Trying to parse a HUGE(1gb) xml file

Tue Dec 28 06:56:31 EST 2010

On Tue, 2010-12-28 at 07:08 +0100, Stefan Behnel wrote:
> Roy Smith, 28.12.2010 00:21:
> > To go back to my earlier example of
> >          <Parental-Advisory>FALSE</Parental-Advisory>
> > using 432 bits to store 1 bit of information, stuff like that doesn't
> > happen in marked-up text documents.  Most of the file is CDATA (do they
> > still use that term in XML, or was that an SGML-ism only?).  The markup
> > is a relatively small fraction of the data.  I'm happy to pay a factor
> > of 2 or 3 to get structured text that can be machine processed in useful
> > ways.  I'm not willing to pay a factor of 432 to get tabular data when
> > there's plenty of other much more reasonable ways to encode it.
> If the above only appears once in a large document, I don't care how much 
> space it takes. If it appears all over the place, it will compress down to 
> a couple of bits, so I don't care about the space, either.

+1

> It's readability that counts here. Try to reverse engineer a binary format 
> that stores the above information in 1 bit.

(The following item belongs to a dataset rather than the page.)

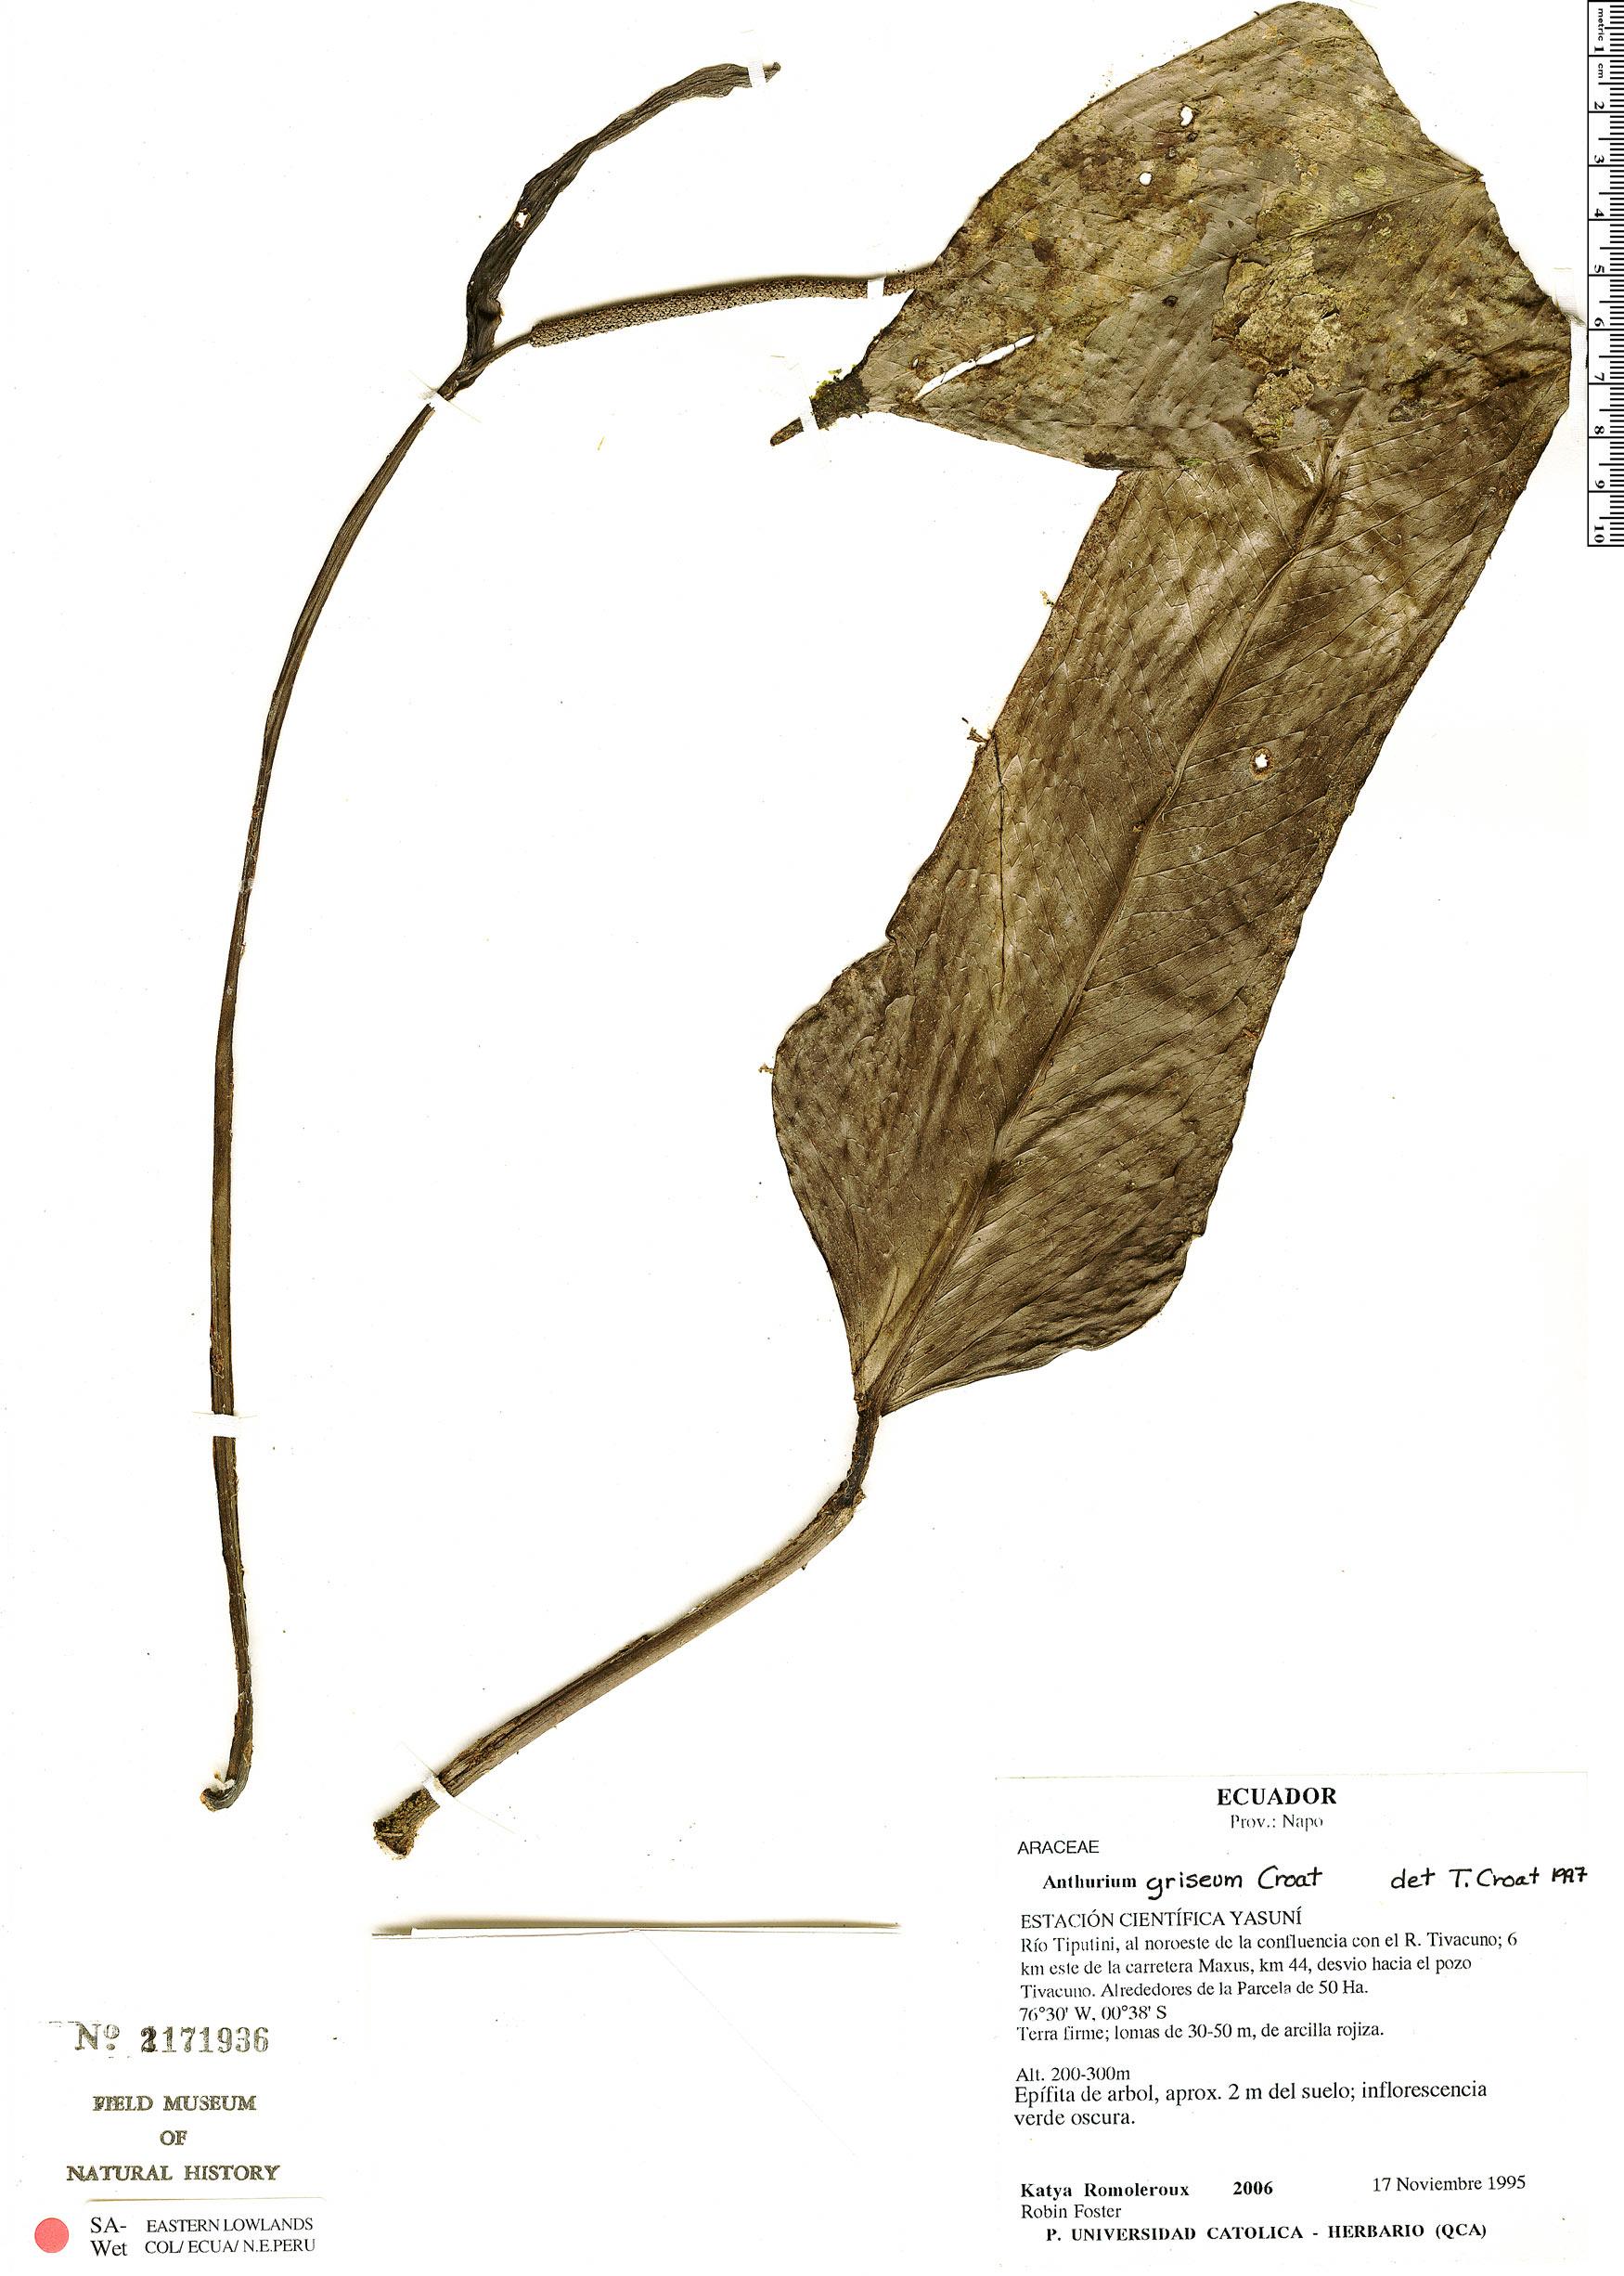 Specimen: Anthurium ceronii
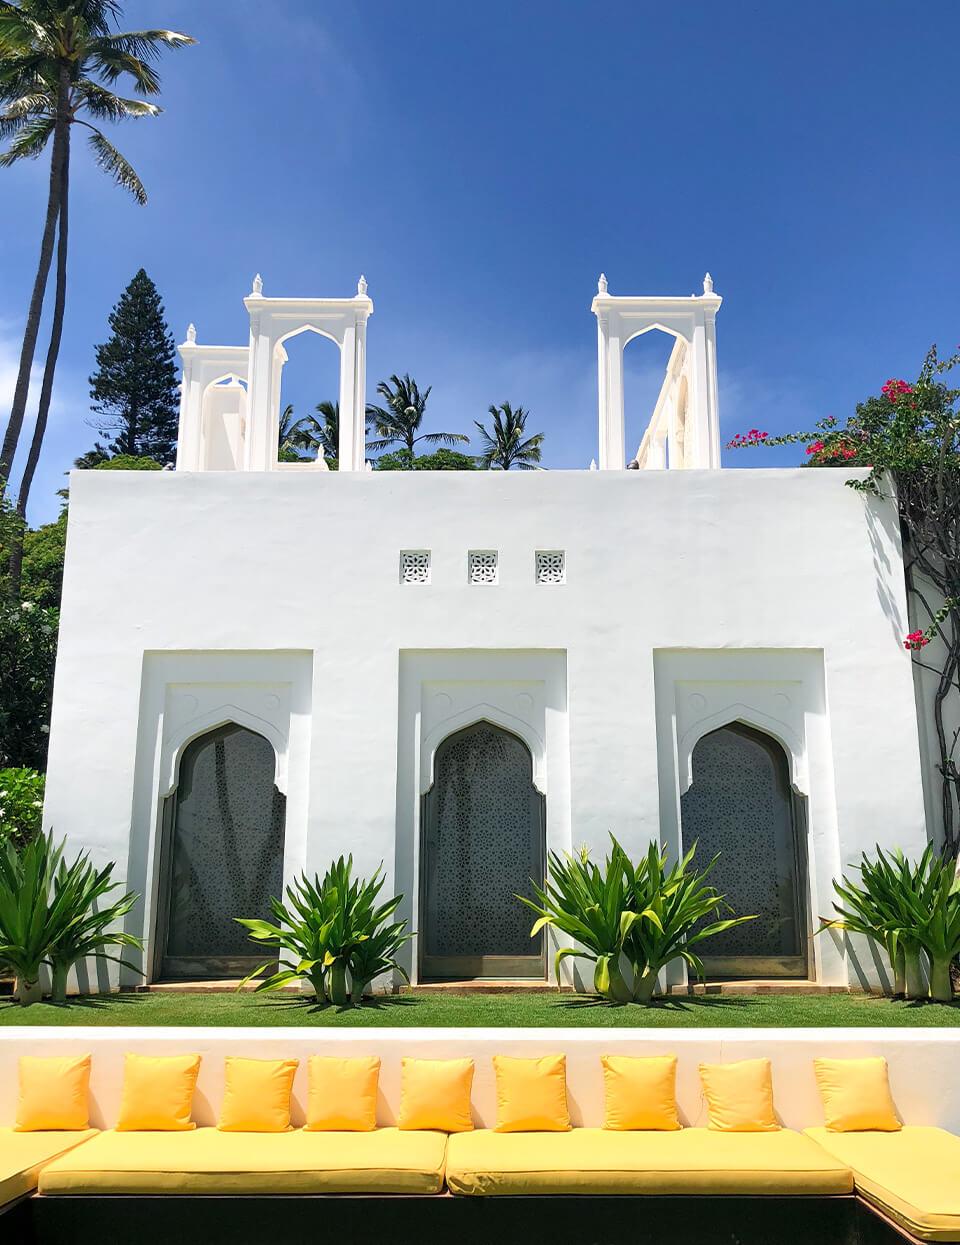 Shangri La museum lawn

I think a point many of the arguments against XML miss is the HR cost of
custom solutions.  Every time you come up with a cool super-efficient
solution it has to be weighed against the increase in the tool-stack
[whereas XML is, essentially, built-in] and
nobody-else-knows-about-your-super-cool-solution [1].  IMO, tool-stack
bloat is a *big* problem in shops with an Open Source tendency.  Always
tossing the new and shiny thing [it's free!] into the bucket for some
theoretical benefit. [This is an unrecognized benefit to expensive
software - it creates focus].  Soon the bucket is huge and maintaining
it becomes a burden.

[1] The odds you sufficiently documented your super-cool-solution is
probably nil.

So I'm one of those you'd have to make a *really* good argument *not* to
use XML.  XML is known, the tools are good, the knotty problems are
solved [thanks to the likes of SAX, lxml / ElementTree, and
ElementFlow].  If the premise argument is "bloat" I'd probably dismiss
it out of hand since removing that bloat will necessitate adding bloat
somewhere else; that somewhere else almost certainly being more
expensive.